Keywords: Anorectal Manometry, Constipation, Mesh, Pelvic Organ Prolapse, Posterior Vaginal Compartment Repair
INTRODUCTION
Pelvic organ prolapse (POP) is extremely common, affecting up to 50% of parous women.[1] Unfortunately, treatment of POP is associated with high recurrence rates. A reoperation rate within 10 years of the primary prolapse surgery has been reported as high as 17%.[2] The unacceptable surgical failure rate led surgeons to enforce the native tissue repairs with biological graft or synthetic mesh. Level 1 evidence has proved that the use of synthetic mesh increased the anatomical cure rate in anterior vaginal wall repair but not in posterior vaginal wall repair.[3] Yet, mesh-related complications, including dyspareunia, mesh exposure, and mesh erosion are being reported with increasing frequency and negatively impacted patient quality-of-life. These findings suggest that urogynecologists should make a balance between anatomical cure and patient quality-of-life when using synthetic mesh to repair the pelvic floor. Improvement in patient quality-of-life involves functional recovery, such as improvement of urinary, bowel, and sexual function. However, few studies have looked at the effect of posterior vaginal wall repair with mesh on bowel function.

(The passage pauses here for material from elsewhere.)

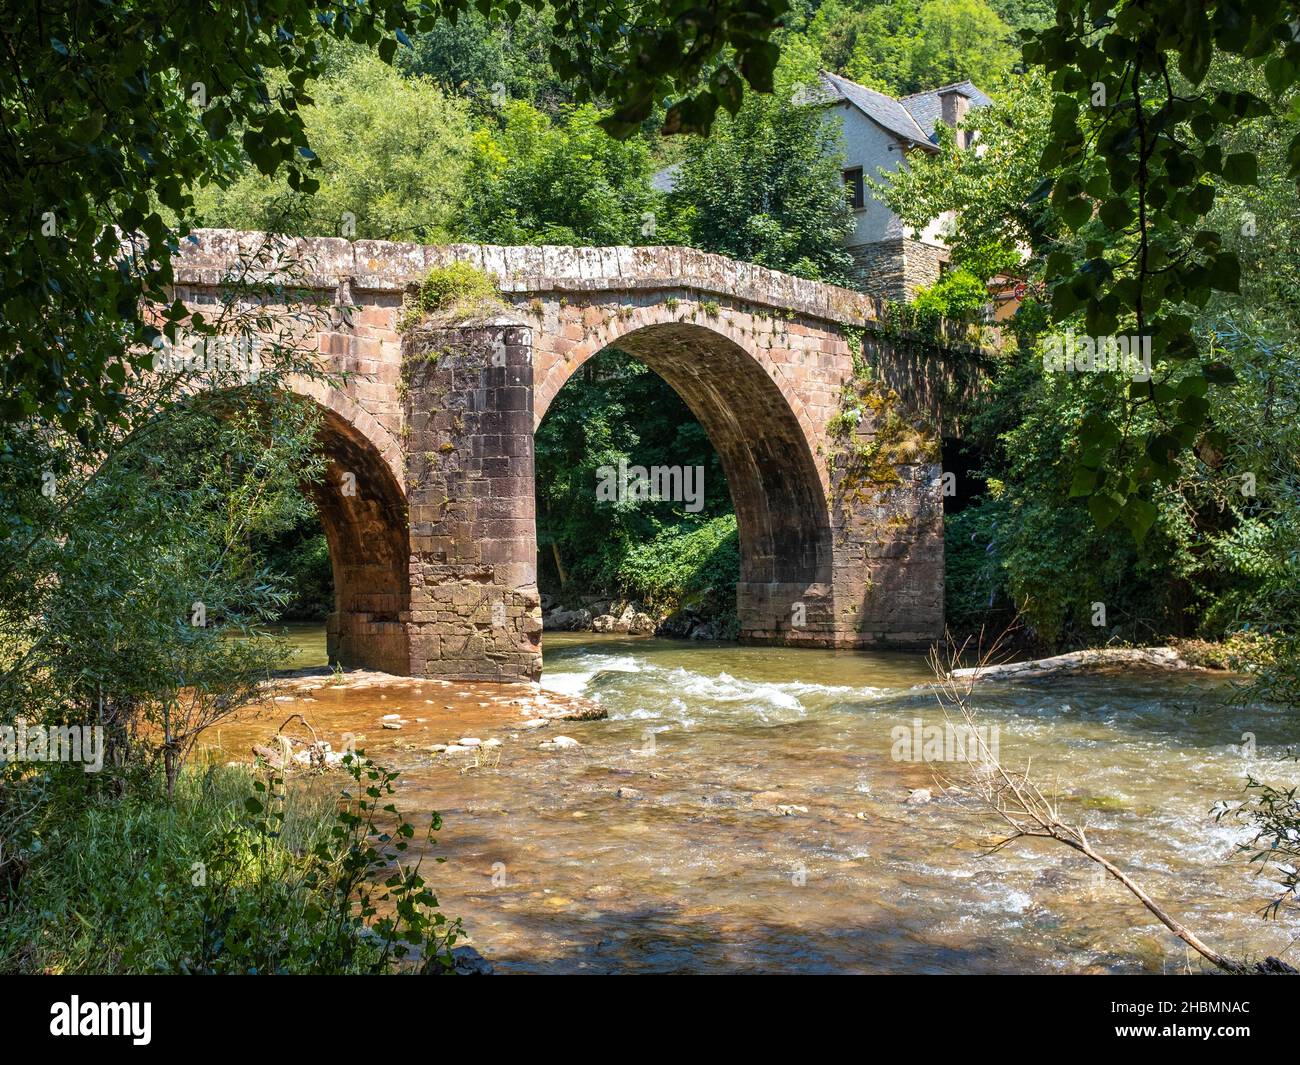 Pont romain en pierre de Conques sur le chemin de Saint-Jacques, traversant une petite rivière tumultueuse, prise sur un matin ensoleillé d'été, sans personne Banque D'Images

The aims of the study were to use anorectal manometry to compare bowel function outcome in POP patients who underwent prolapse repair with or without trans-vaginal synthetic mesh in the posterior vaginal compartment and specifically to determine whether the use of mesh was better for retention and improvement of anorectal function.
METHODS
Between December 2011 and May 2012, 22 women were referred to our outpatient clinic at the Peking Union Medical College Hospital for trans-vaginal mesh surgical correction of severe symptomatic POP (overall Stage III or IV) using trans-vaginal mesh; all 22 were enrolled in the study.[4] All enrolled patients were postmenopausal with no history of hormone replacement therapy. Exclusion criteria were gynecological pathology in addition to prolapse and previous prolapse surgery or hysterectomy. In addition, patients would be excluded from the study if they had medical conditions, such as diabetes mellitus, hypothyroidism or irritable bowel syndrome that could affect anorectal physiology or cause bowel symptoms. The study was approved by the medical ethics board at the Peking Union Medical College Hospital (S-453). Informed consent was obtained from all patients.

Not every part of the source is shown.